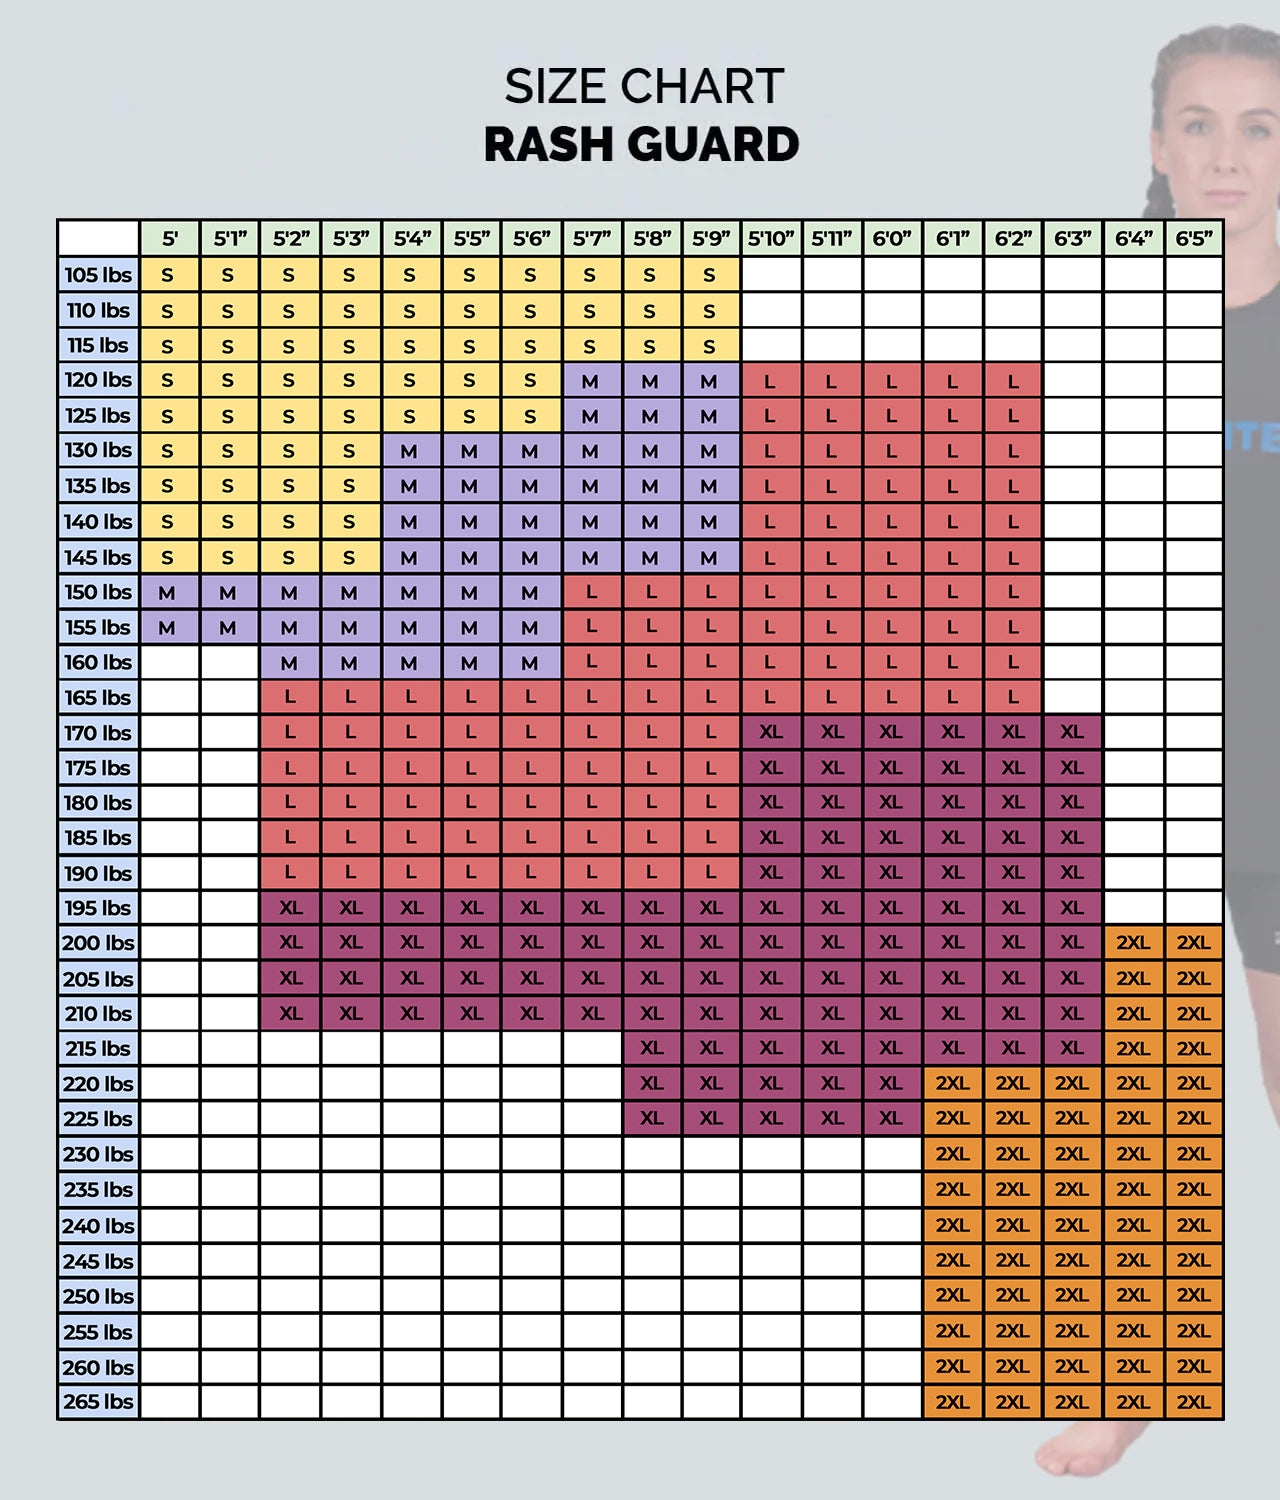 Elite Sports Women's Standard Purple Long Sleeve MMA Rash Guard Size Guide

================

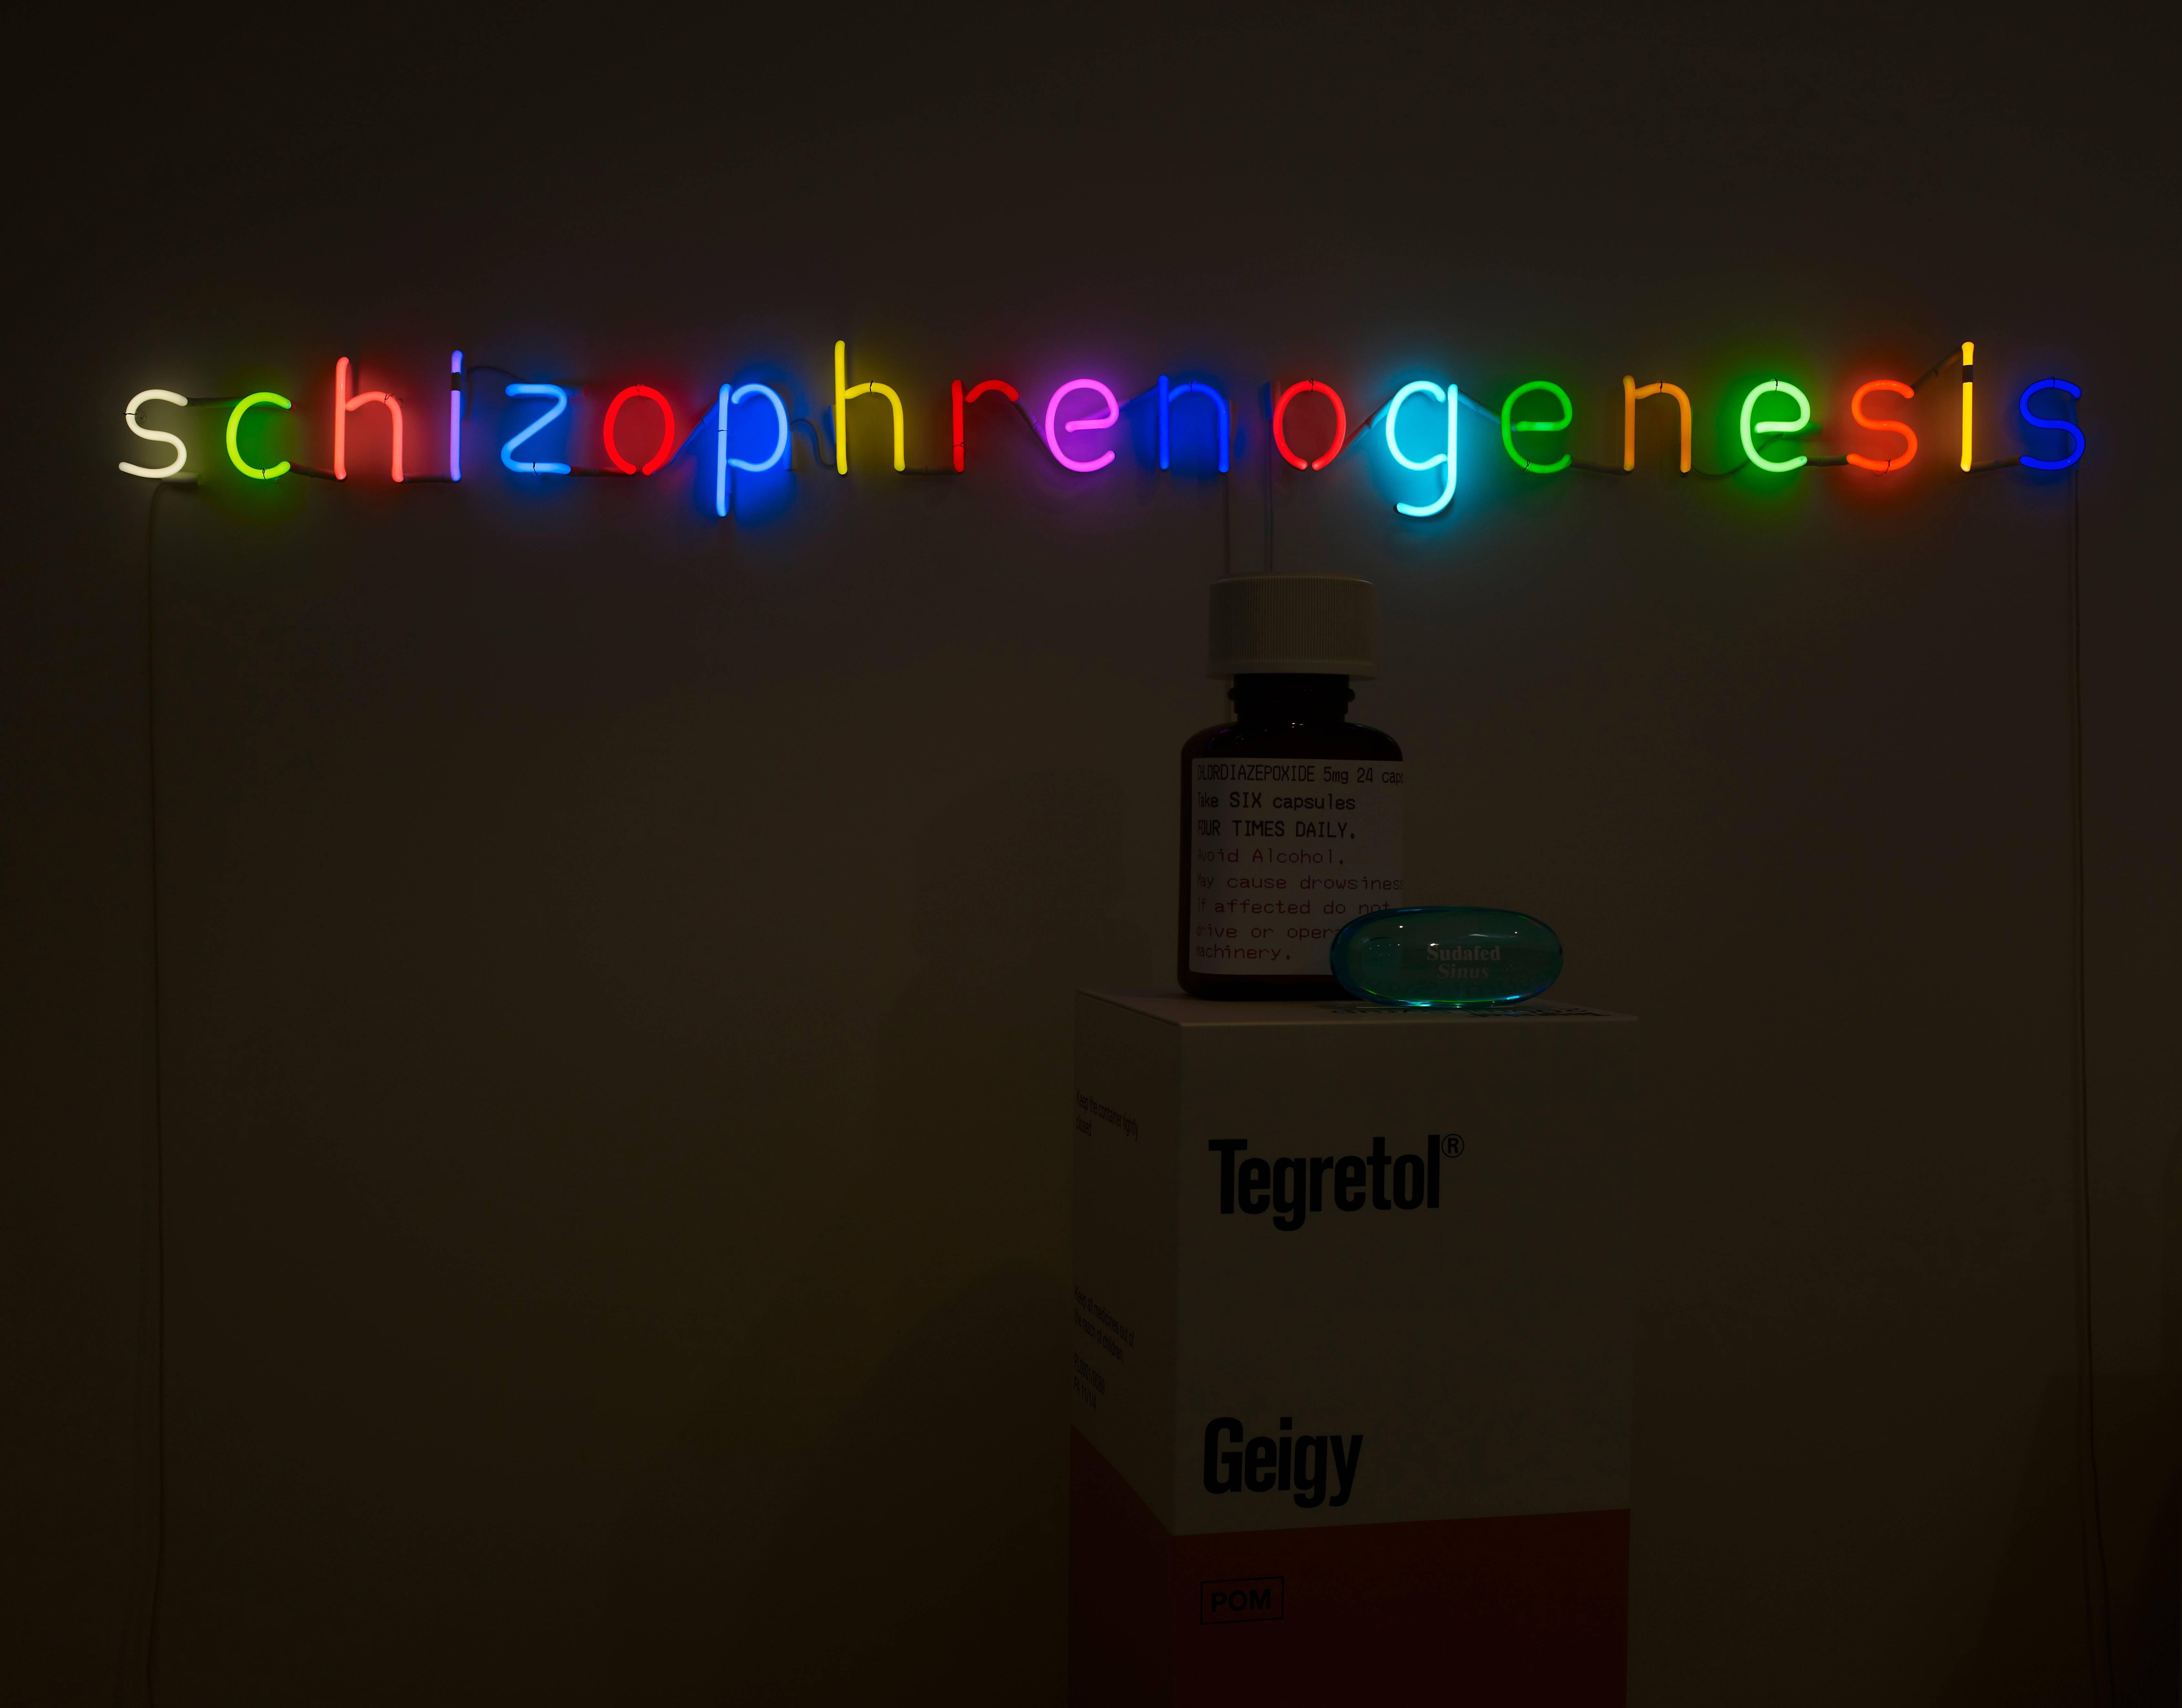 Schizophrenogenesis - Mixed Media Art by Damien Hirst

================

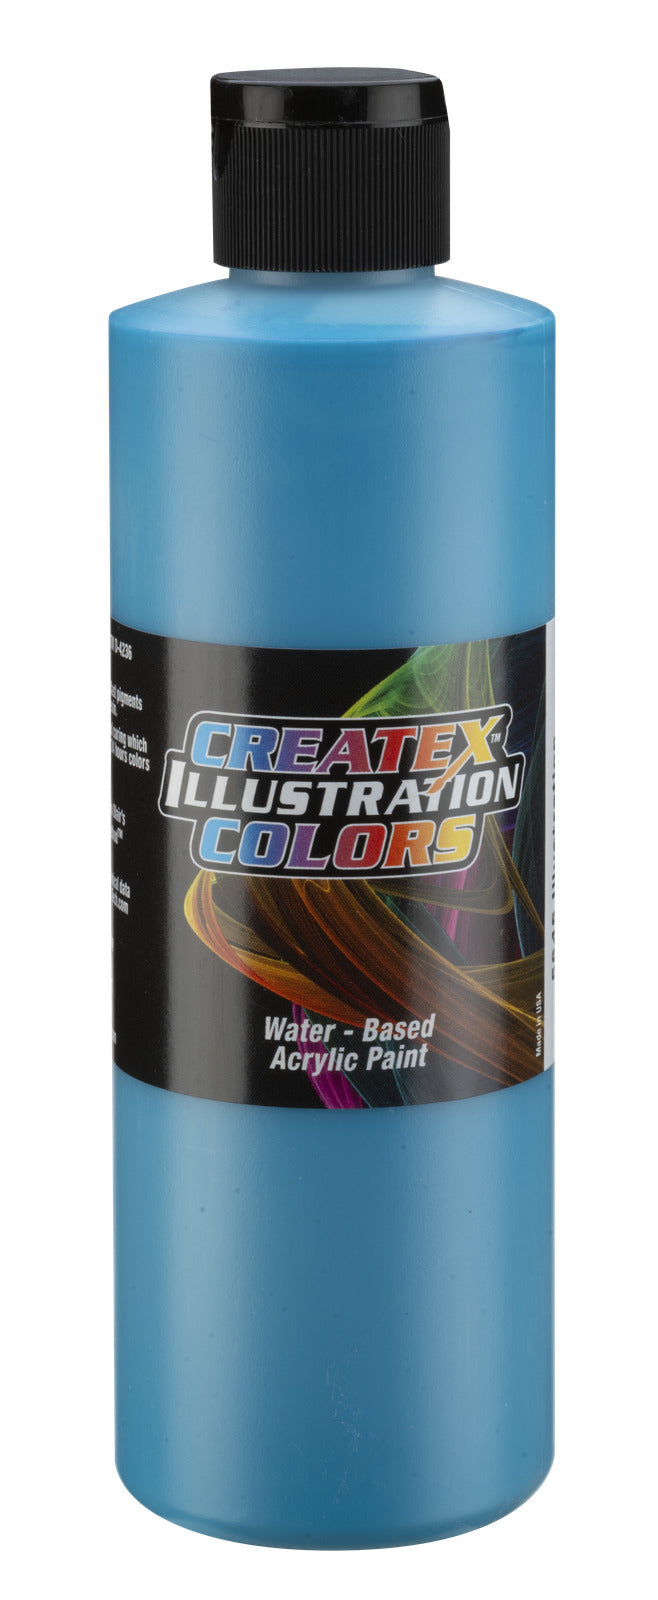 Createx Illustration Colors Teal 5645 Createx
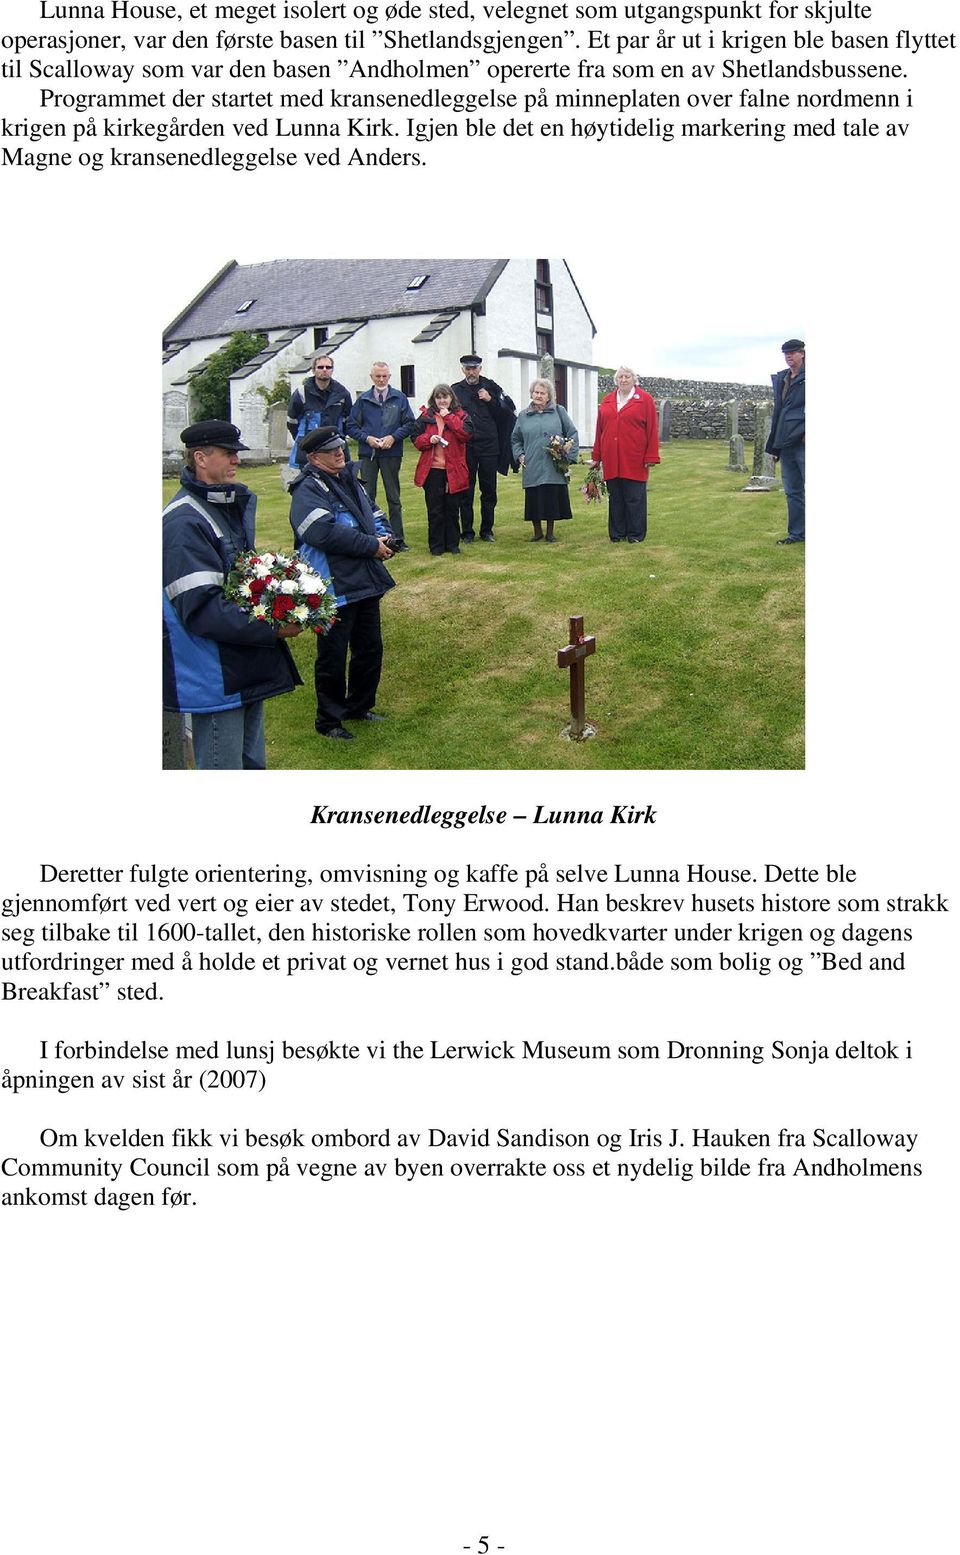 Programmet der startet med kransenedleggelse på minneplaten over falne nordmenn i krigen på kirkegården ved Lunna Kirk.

================

Out of the records above, set down only the lines from the one that contains "Createx Illustration Colors" through the one that contains "Programmet der startet", unchanged and without the pictures.

 Createx Illustration Colors Teal 5645 Createx
 Programmet der startet med kransenedleggelse på minneplaten over falne nordmenn i krigen på kirkegården ved Lunna Kirk.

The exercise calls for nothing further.